2 out of 5 stars Lost the Magic.......2007-10-07

Frankly, I was pleased that a number of the reviewers had the same general reaction to "Dust" that I did: disappointment and a a jot of disgust. I have read all of the Inspector Jury novels of Martha Grimes, except for "The Old Wine Shades".

What I like best about the Jury novels is their leisurely pace, the rather quiet, some what tentative inspector with his rather unhappy and unsuccessful attempts at success in love; Melrose Plant -- the star of the novels and his wonderful motley crew of eccentrics and "characters". These books did not hold my interest because of the crime and its solution --- I just wanted to spend some time with the characters -- the murder was just a hook to hang the plot on.

Now, instead of a rustic country pub -- we have a raucus "nightclub". Instead of the somewhat backward Inspector we have a man who is so filled with lust he can't isn't diffident but compulsive.

The reviewer who wrote that Grimes may be losing interest in the novel and the reviewer who said she is trying to appeal to a wider audience ----may be right. If the latter person is correct---Grimes has lost my interest in reading any more Jury tales.

Unless, I hear differently --- I've just crossed any novels to come in this series --- off my personal reading list. That's not to say, I won't pick up one of the earlier ones --- where she still had that magic touch.
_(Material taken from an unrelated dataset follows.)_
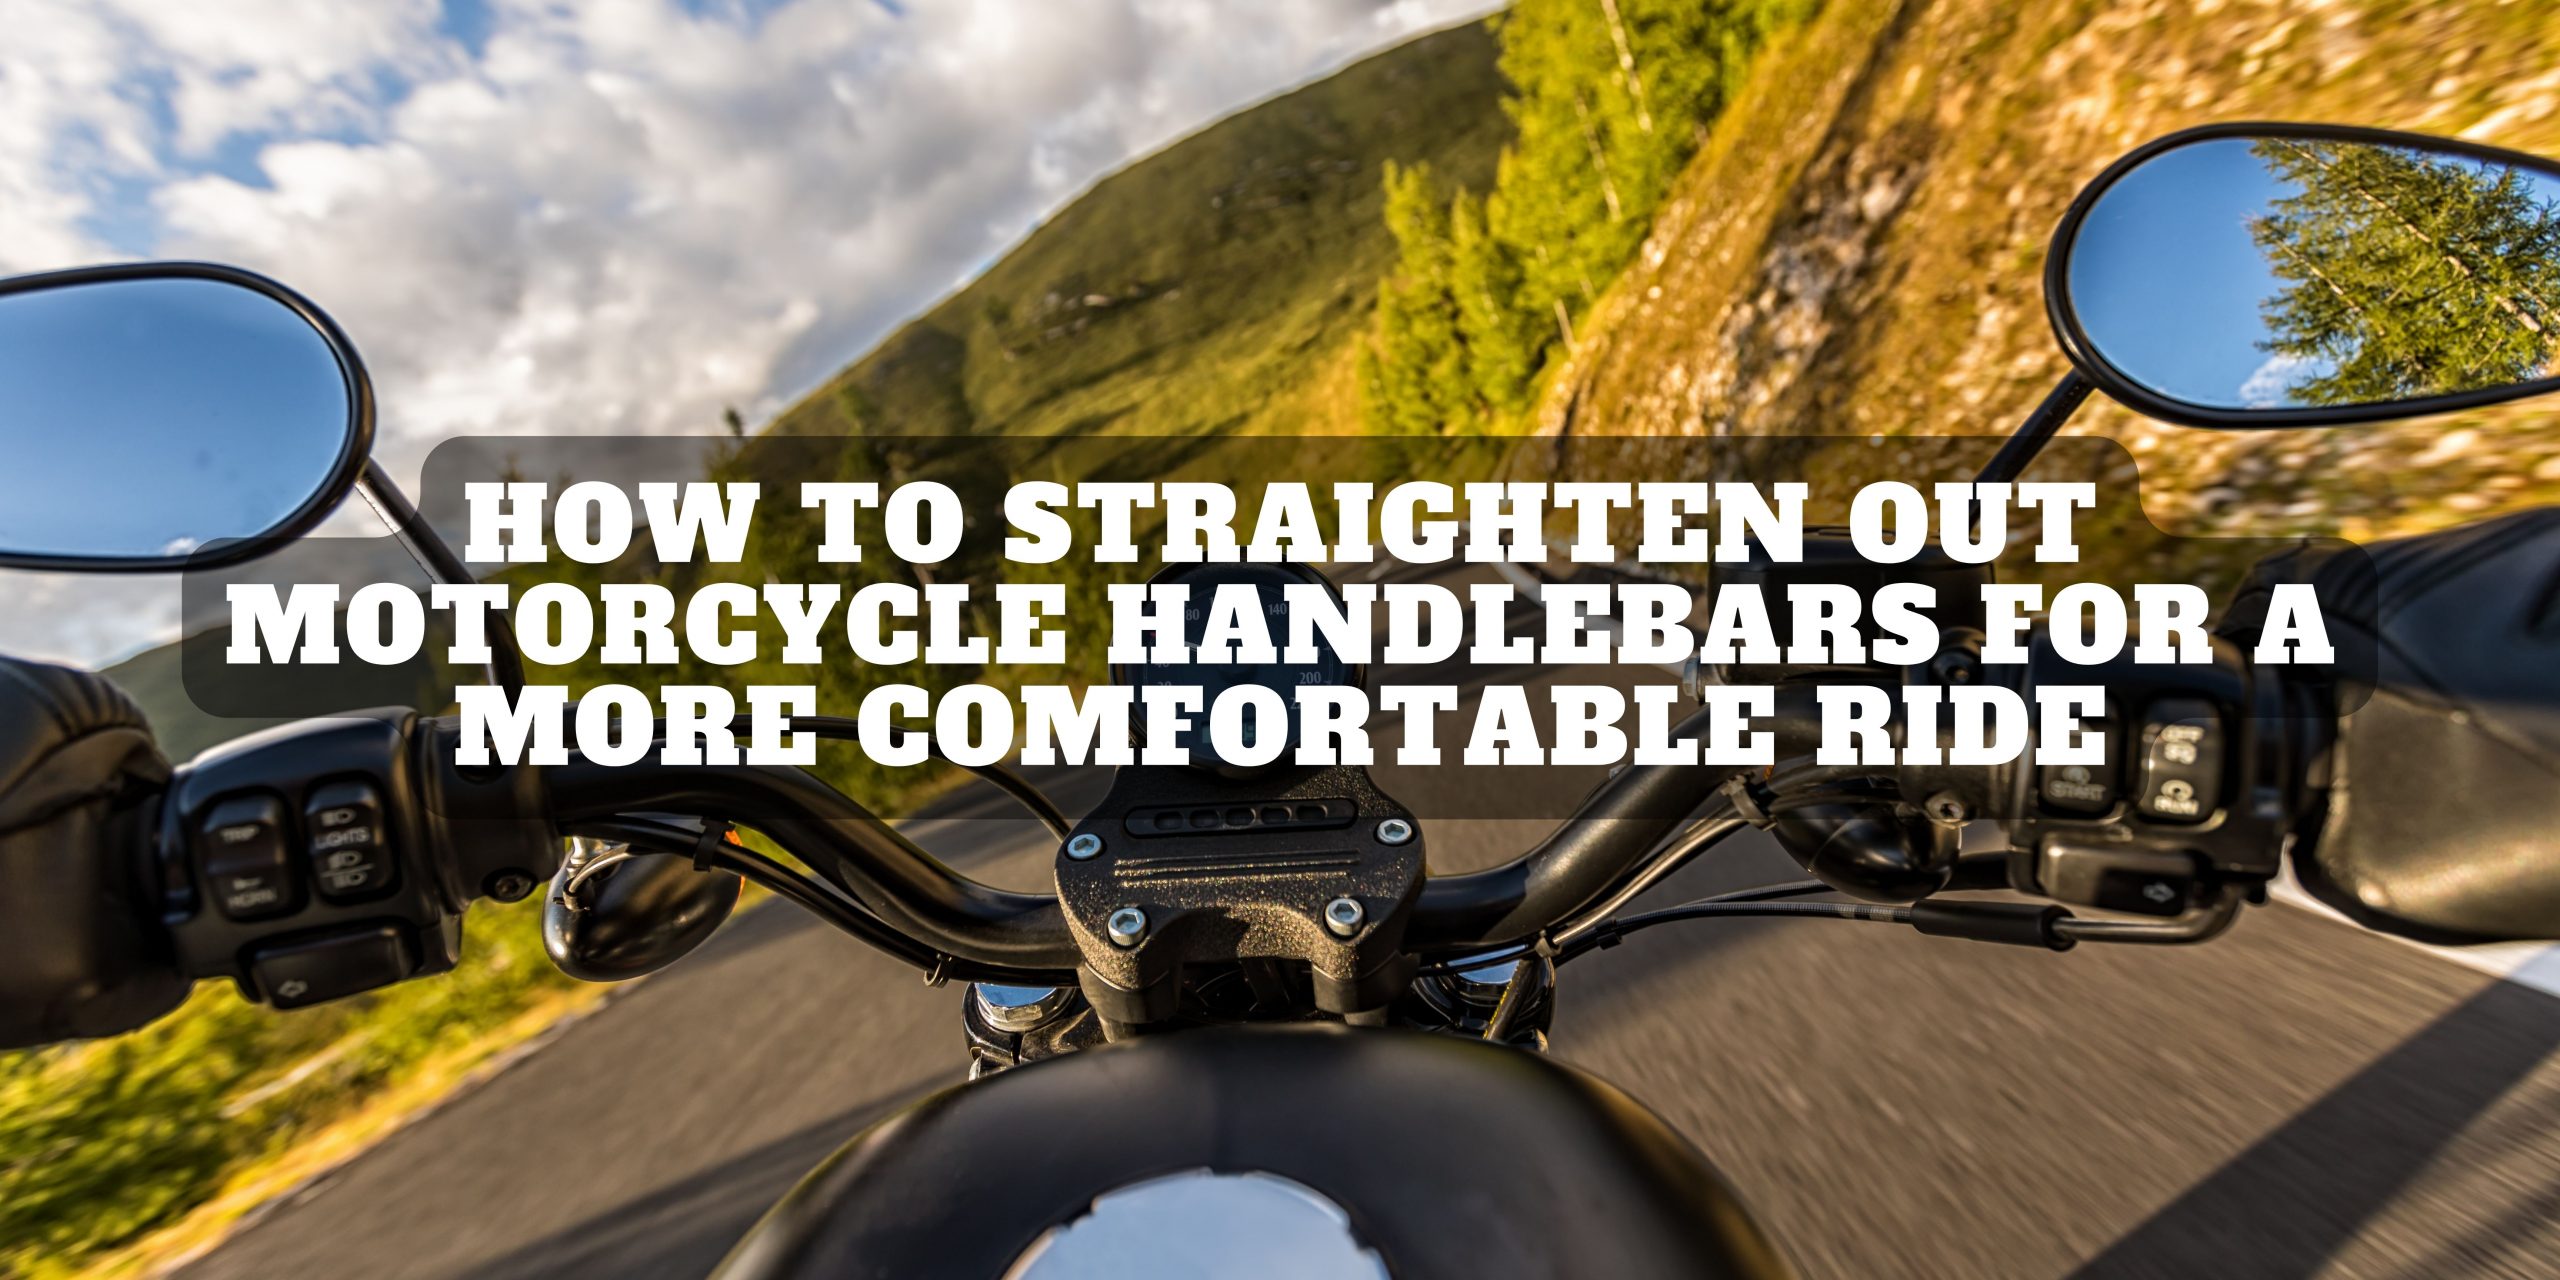 You are currently viewing How to Straighten Out Motorcycle Handlebars for a More Comfortable Ride
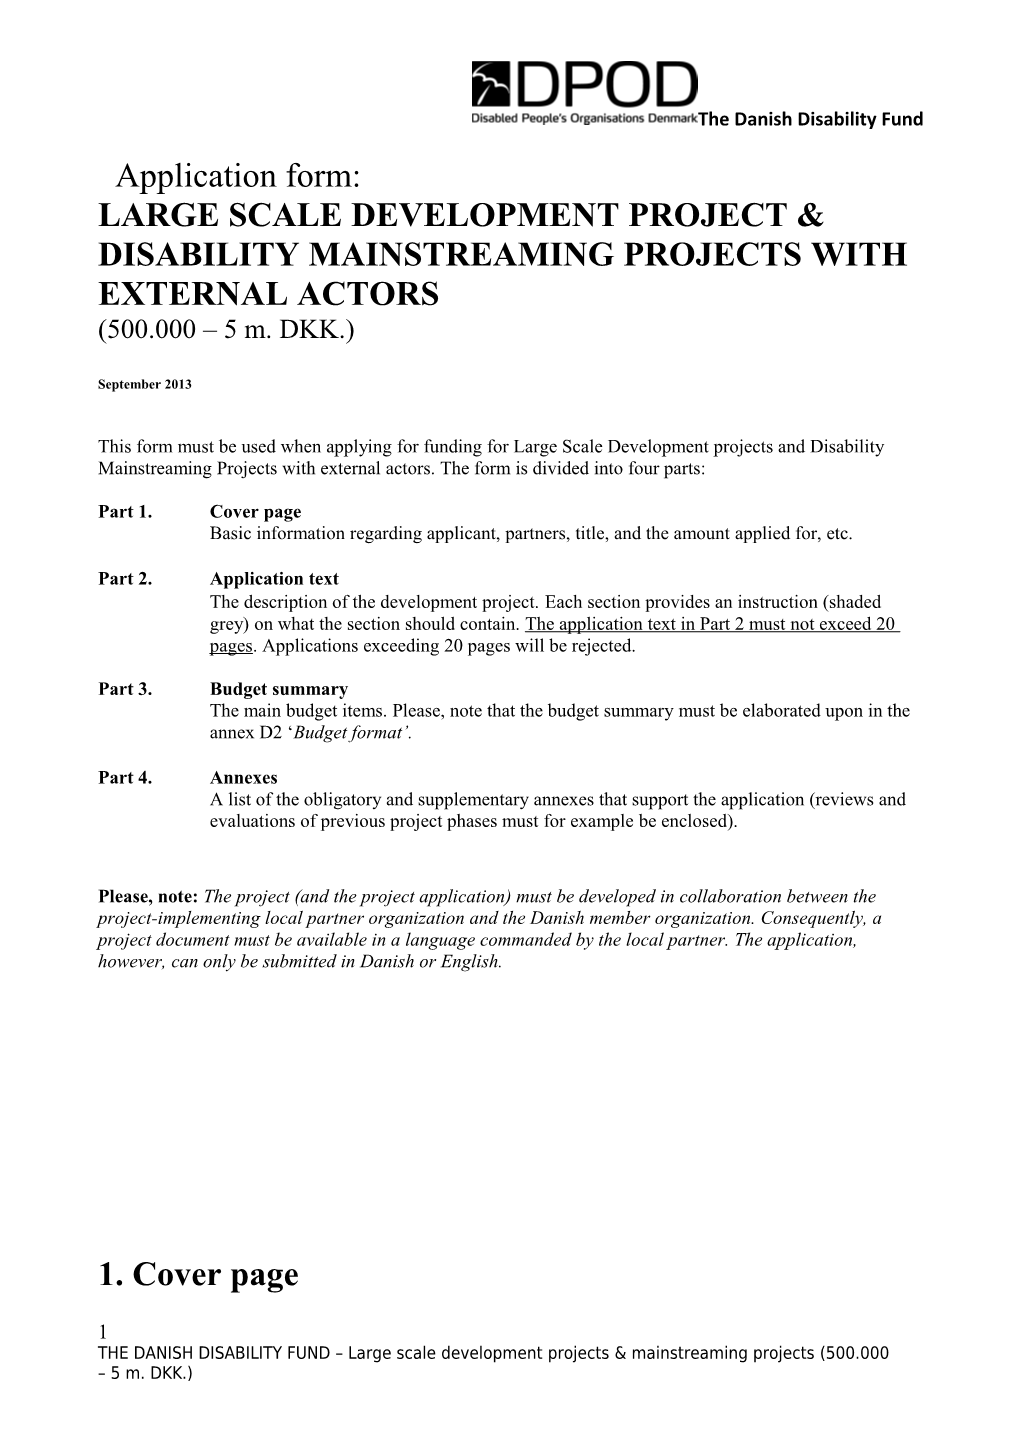 The Danish Disability Fund

2 out of 5 stars Going for a New Audience?.......2007-09-30

I've read most of the Jury mysteries, and I would eagerly await each new installment. I enjoyed the familiar format and the eccentric characters, particularly the Racer-Fiona-Cyril love triangle. I started reading Dust, and all I can say about Jury is, "Who IS this guy?" Have sales been down so significantly that Jury has had to undergo a sexed-up makeover? Sure, sex sells, but does a well-liked, established hero have to become a love stud to generate book revenue? This incarnation of Jury, who must be approaching age 70, is not the fellow I used to know. Maybe Martha Grimes is trying to attract a younger reader base, but she's going to alienate those of us who liked the series before Jury started playing musical beds. The story is somewhat compelling, and the literary allusions are appreciated. However, Grimes has definitely produced stronger work. For me, Dust was, if you will, a one-night stand.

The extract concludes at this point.